Ben Twist

Personal information
- Nationality: Australian
- Born: 1 June 1990 (age 36)

Sport
- Club: St Johns Park BC

Achievements and titles
- Highest world ranking: 14 (September 2024)

Medal record
Representing Australia
Commonwealth Games
| Silver medal – second place | 2022 Birmingham | triples |

= Ben Twist =

Australian lawn bowler

Ben Twist (born 1 June 1990) is an Australian international lawn bowler. He reached a career high ranking of world number 14 in September 2024.

== Bowls career ==
He started bowling in 2003 and his first success was the Queensland state triples in 2007. He won the Australian Open triples in 2010 and made his international debut in 2018.

Twist became the Australian national champion after winning the 2019 Australian National Bowls Championships triples title.

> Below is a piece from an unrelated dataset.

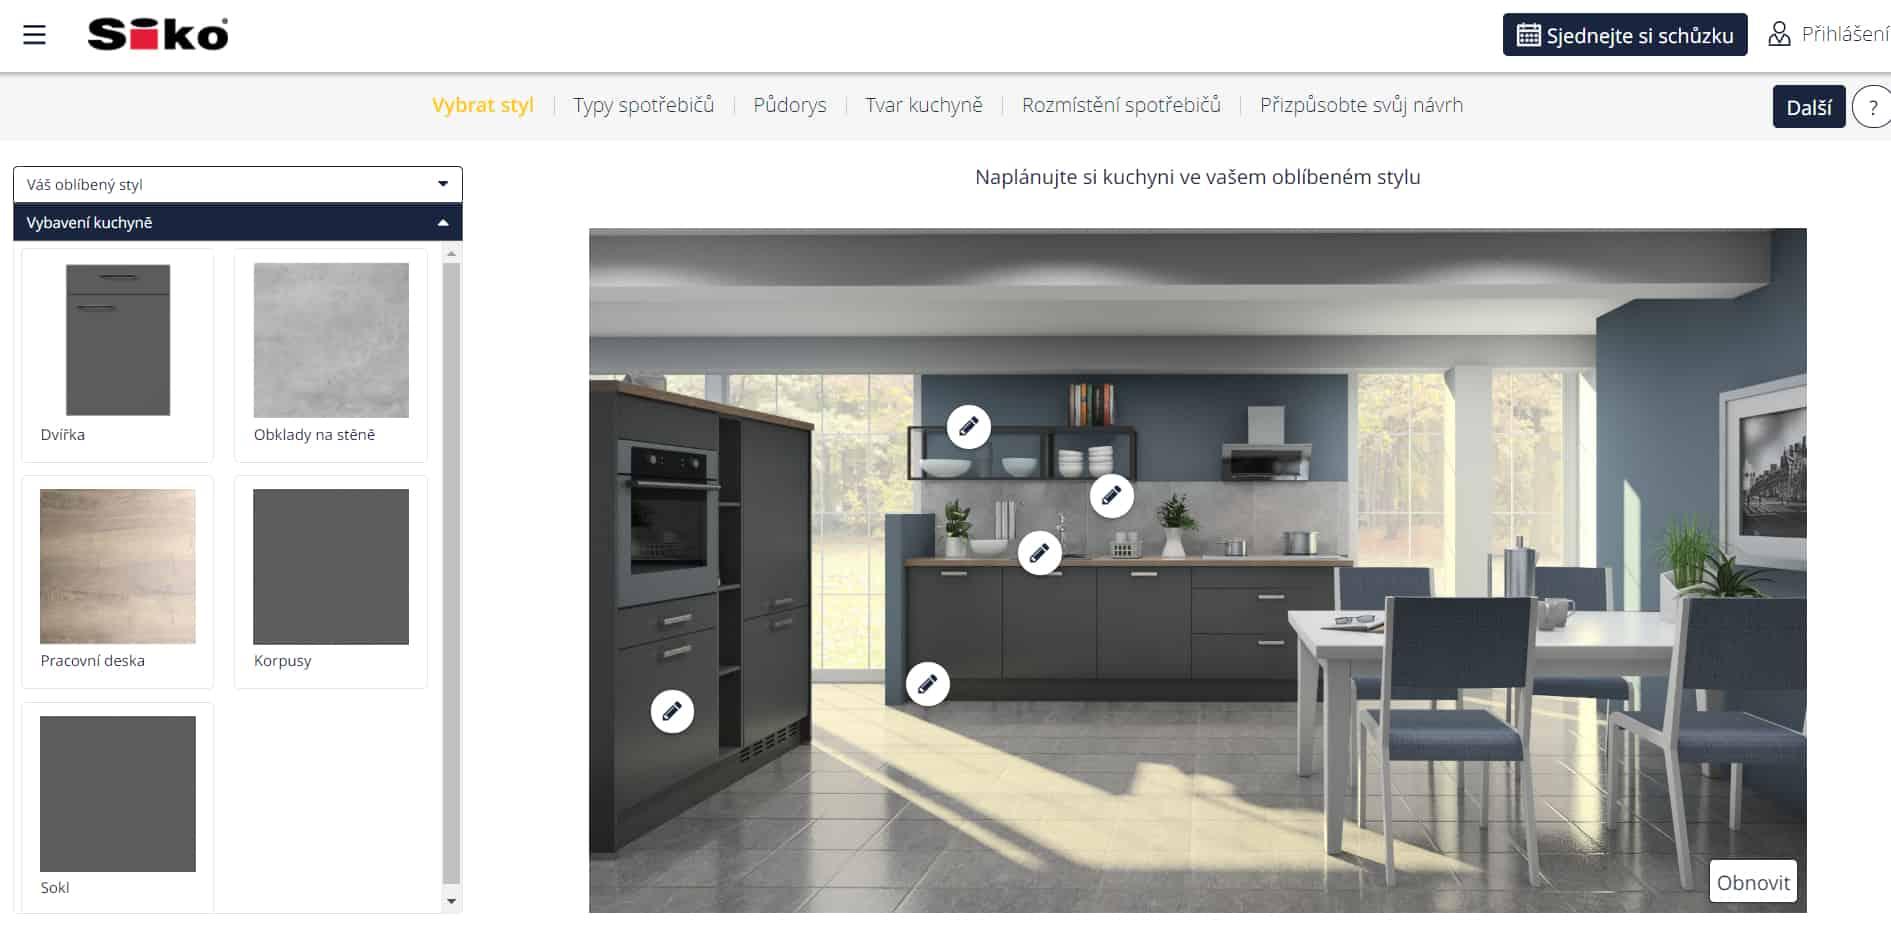 Konfigurátor kuchyní Siko 3D - recenze

In 2018, he won the Hong Kong International Bowls Classic singles title, having previously won the pairs with Jesse Noronha in 2017. In 2021, he won his second Australian Open crown, this time in the fours.

In 2022, he competed in the men's triples and the men's fours at the 2022 Commonwealth Games. Twist, along with Carl Healey and Barrie Lester won the silver medal. Later in 2022, he won a third Australian Open.

In 2023, he won his fourth Australian Open, after a second successive pairs win with Aaron Wilson. Later in October, Twist won the Australian Nationals fours title with Craig Donaldson, Mathew Pietersen and David Ferguson.